La siguiente parada es la última de una tarde que, desde Cruz Roja, consideran “tranquila”. René Irma había pedido a los voluntarios no llegar antes de las 17 horas. Hasta entonces, sus hijos, de 13 y 11 años, tienen que quedarse en casa solos desde el inicio del estado de alarma, al no contar con otras redes para hacerse cargo de ellos mientras su madre realiza su jornada laboral. Trabaja en la lavandería de una residencia de ancianos.

“Lo estamos llevando bien. Está muy controlado, pero lo peor es el transporte público, pero tomo todas las precauciones”, explica René Irma. “Se quedan solos los pobrecitos”, dice mientras mira a sus dos niños. “Lo llevamos bien”, responde el mayor apoyado en la puerta de la casa de la que no sale en el último mes. “Nos hacemos el desayuno, mi madre nos deja hecha la comida...”, dice su hijo mayor.
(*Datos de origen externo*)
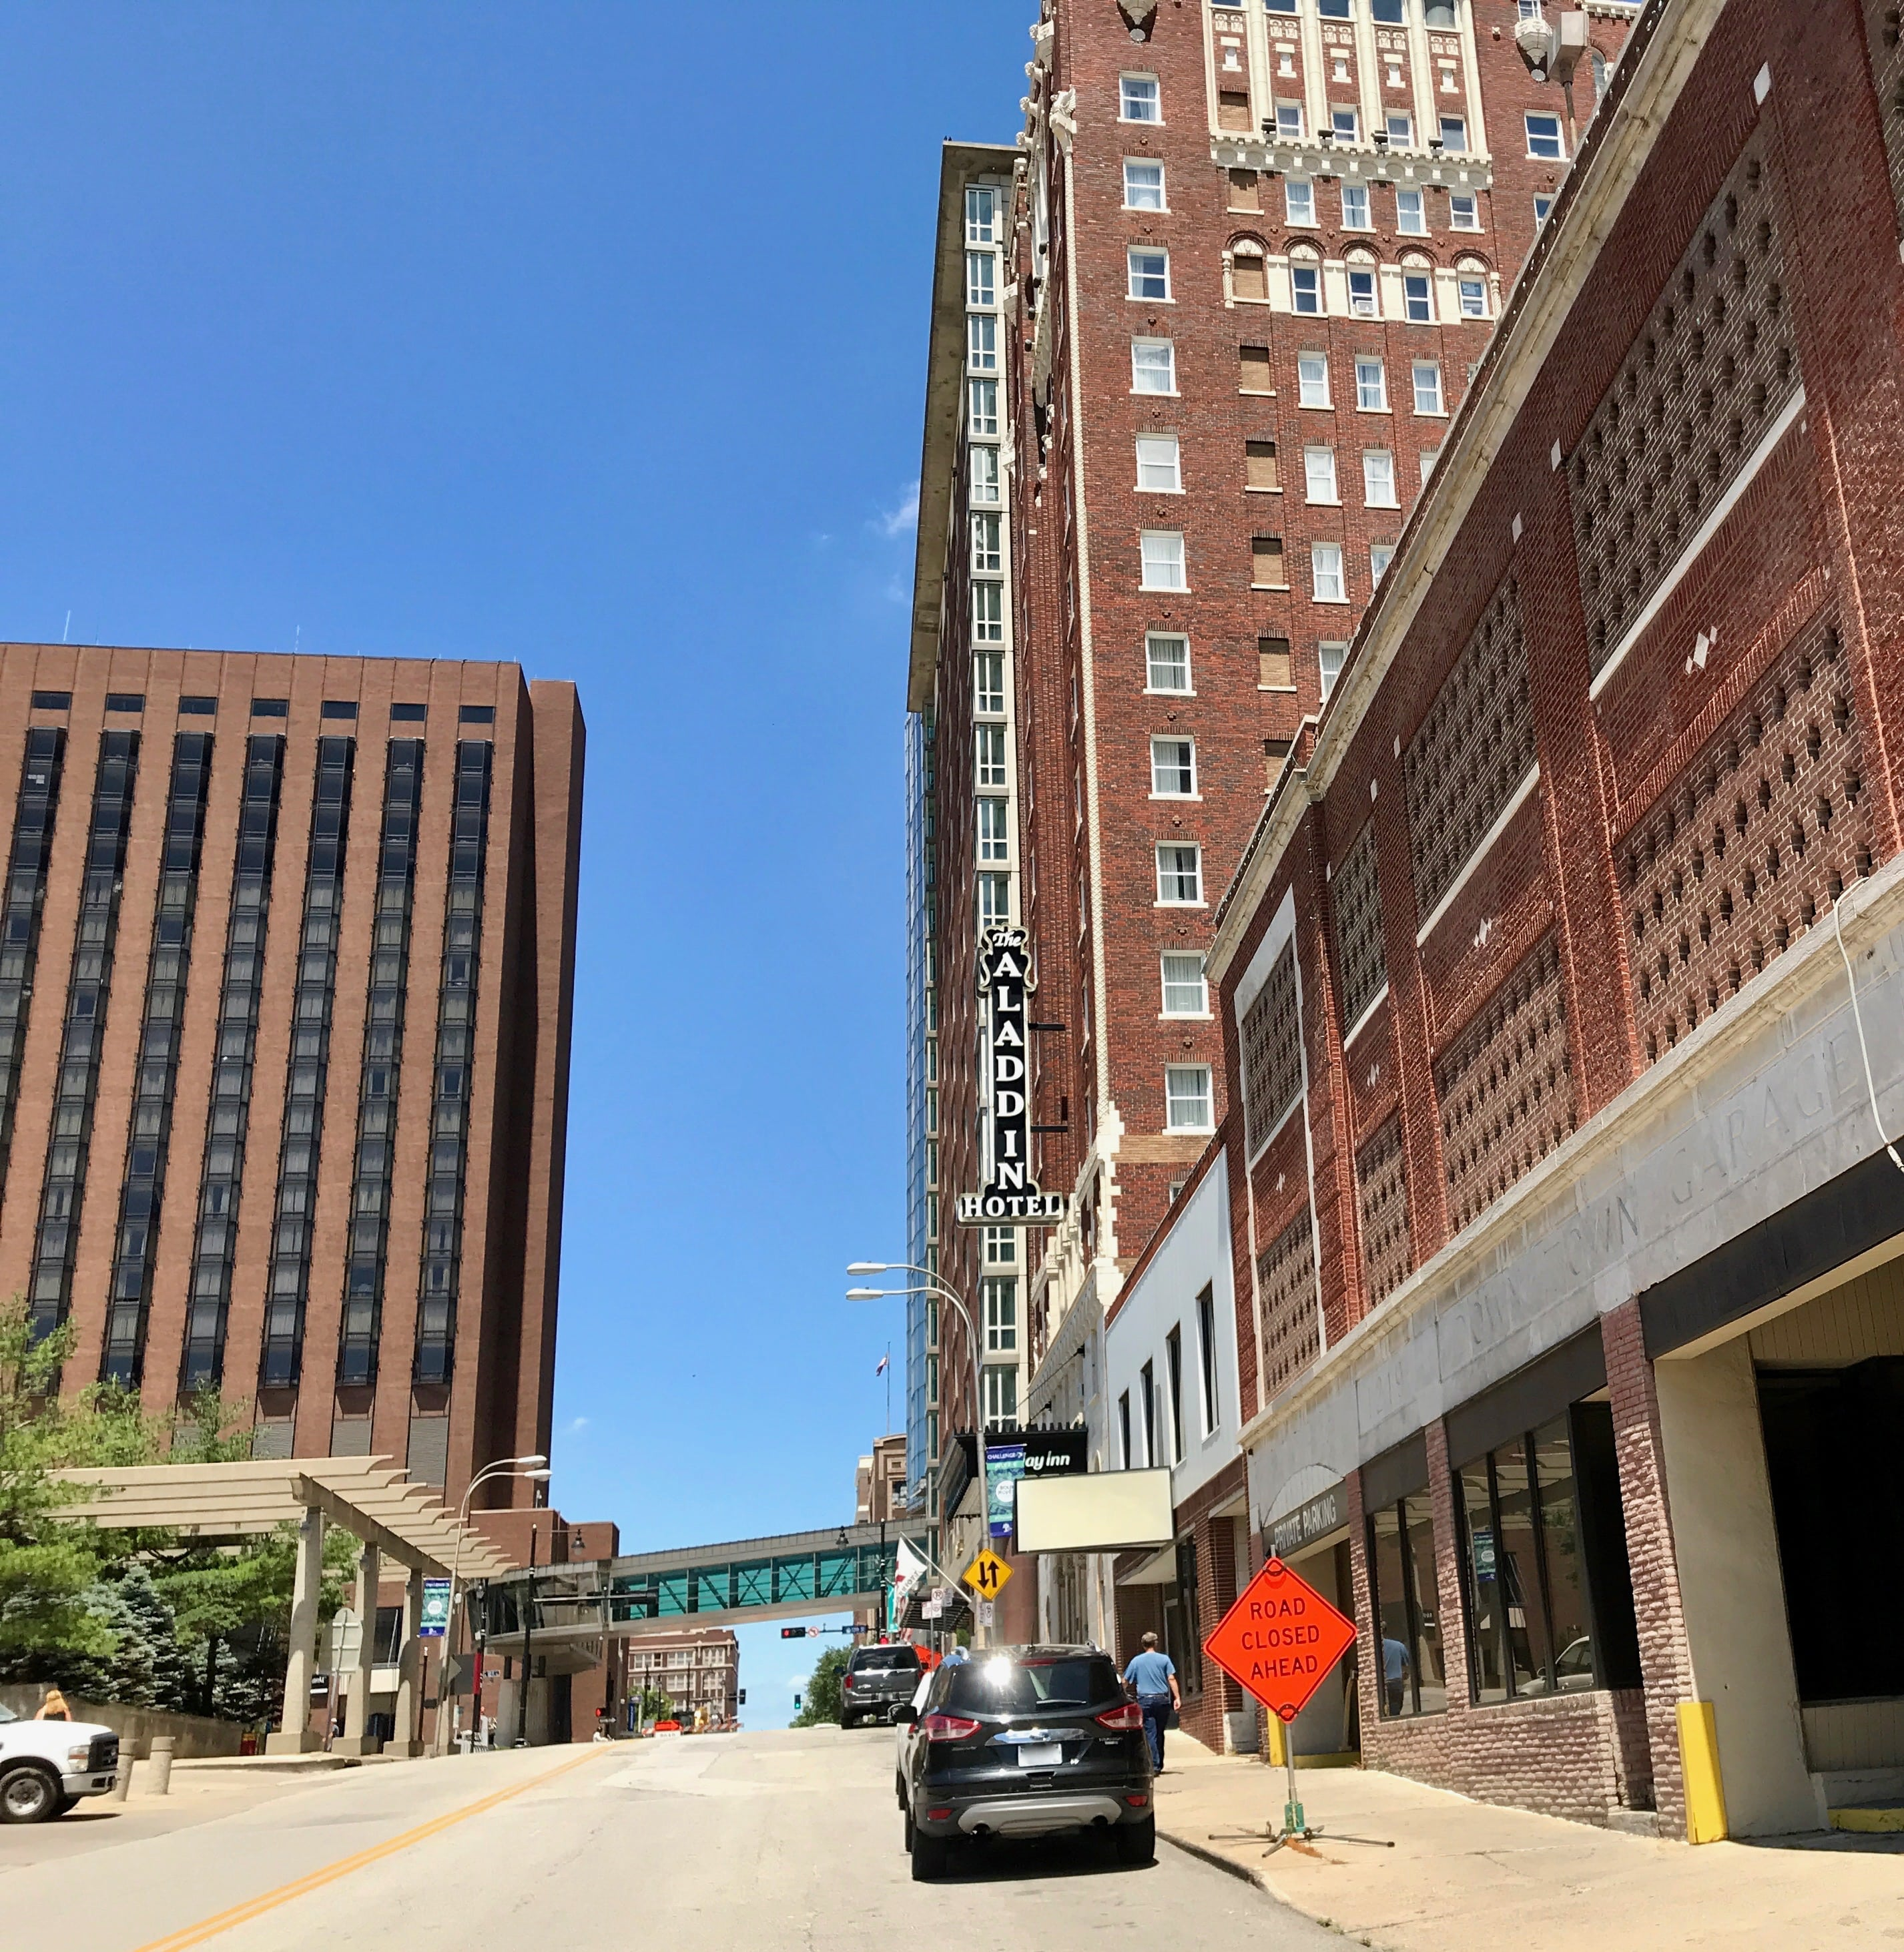 Downtown Street in KCMO
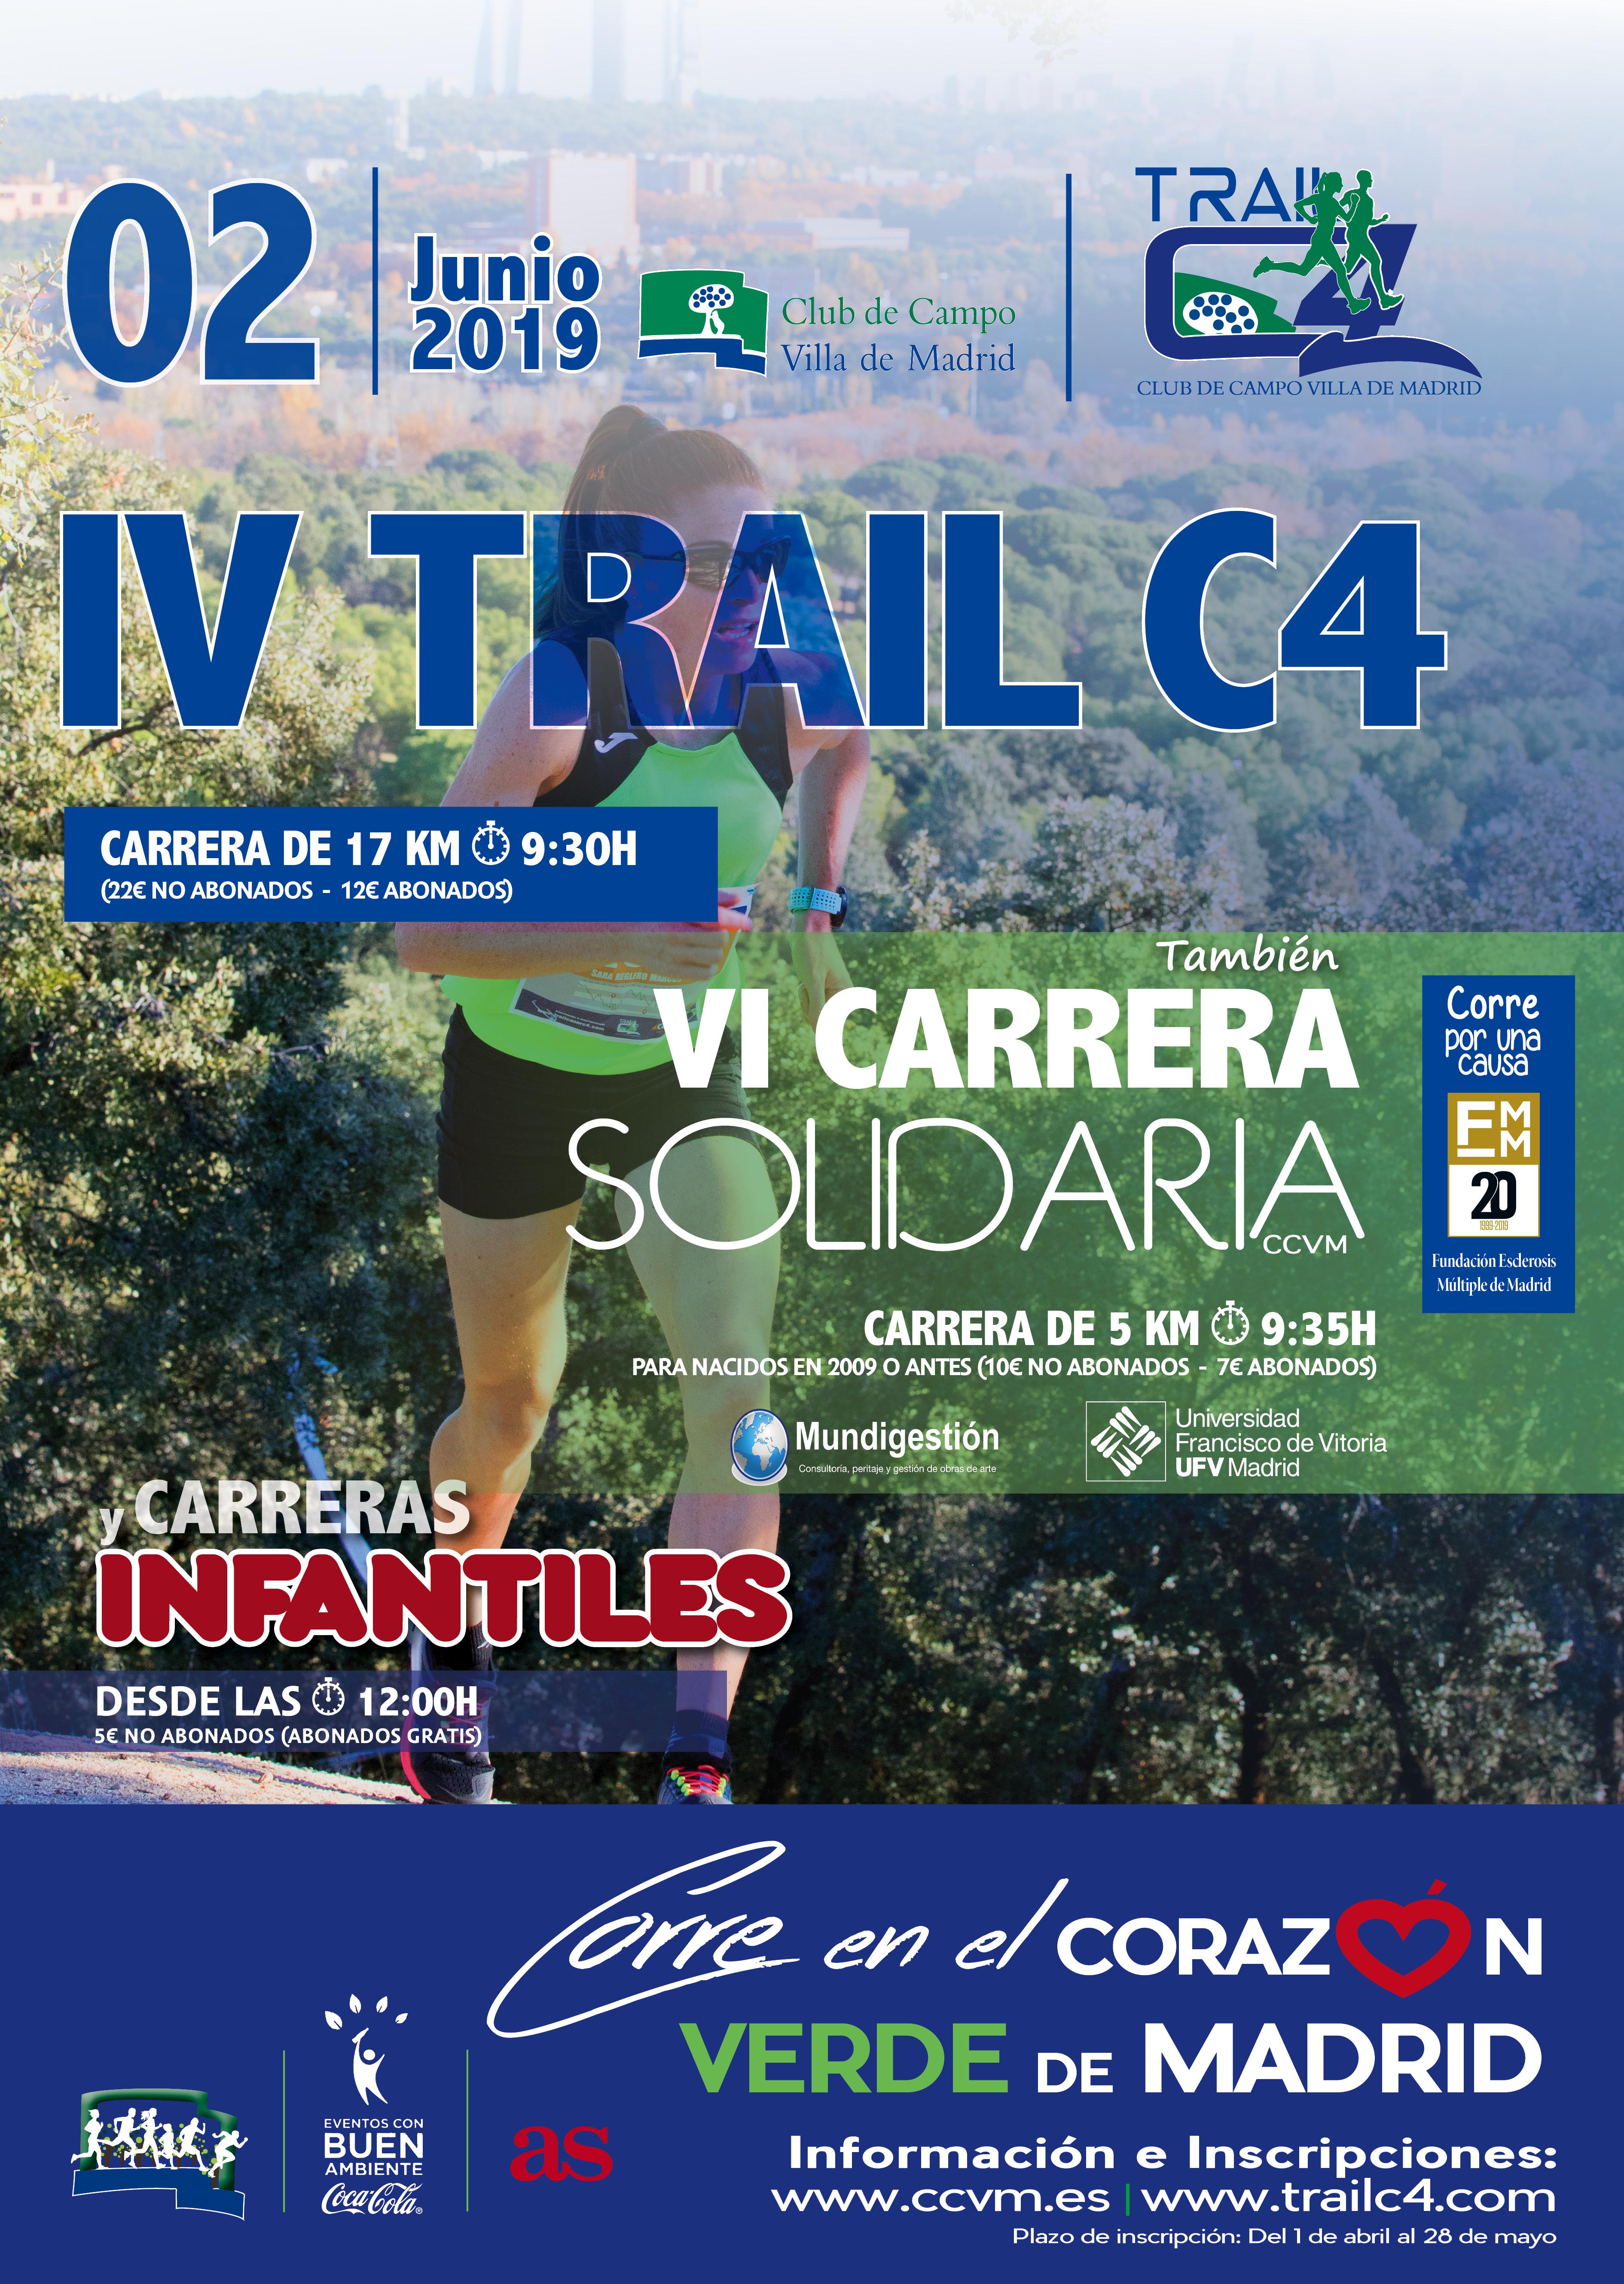 IV Trail C4 2019 y VI Carrera Solidaria CCVM 2019

Antes del cierre de los colegios, aunque menos tiempo, ya solían quedarse solos en ocasiones, dado que su padre trabaja en un almacén de legumbres en Cuenca, y la madre está sola con ellos. “Es muy difícil: ¿con quién los dejas cuando tienes que trabajar y ellos no tienen cole? Pero se portan muy bien, así que no hay problema”, relata su madre. Se aburren un poco, dicen, aunque “nos ponen muchos deberes”, comenta la pequeña, antes de recoger los cuadernos y juegos que quizá rompan, al menos durante un tiempo, la rutina de los últimos días.

Unos días después del reparto de alimentos, Sara habla de nuevo con eldiario.es. Su respuesta es la misma: “Sigo muy preocupada. Estoy feliz por tener la hija que tengo, pero mal porque haya tenido que nacer en estas circunstancias”. Estos días ha podido darle de comer como se lo indica su pediatra, pero vuelve a observar con temor el paquete de leche en polvo indicada para sus dos meses. “A una semana no llego y no sé cuándo volverán”, sostiene la joven.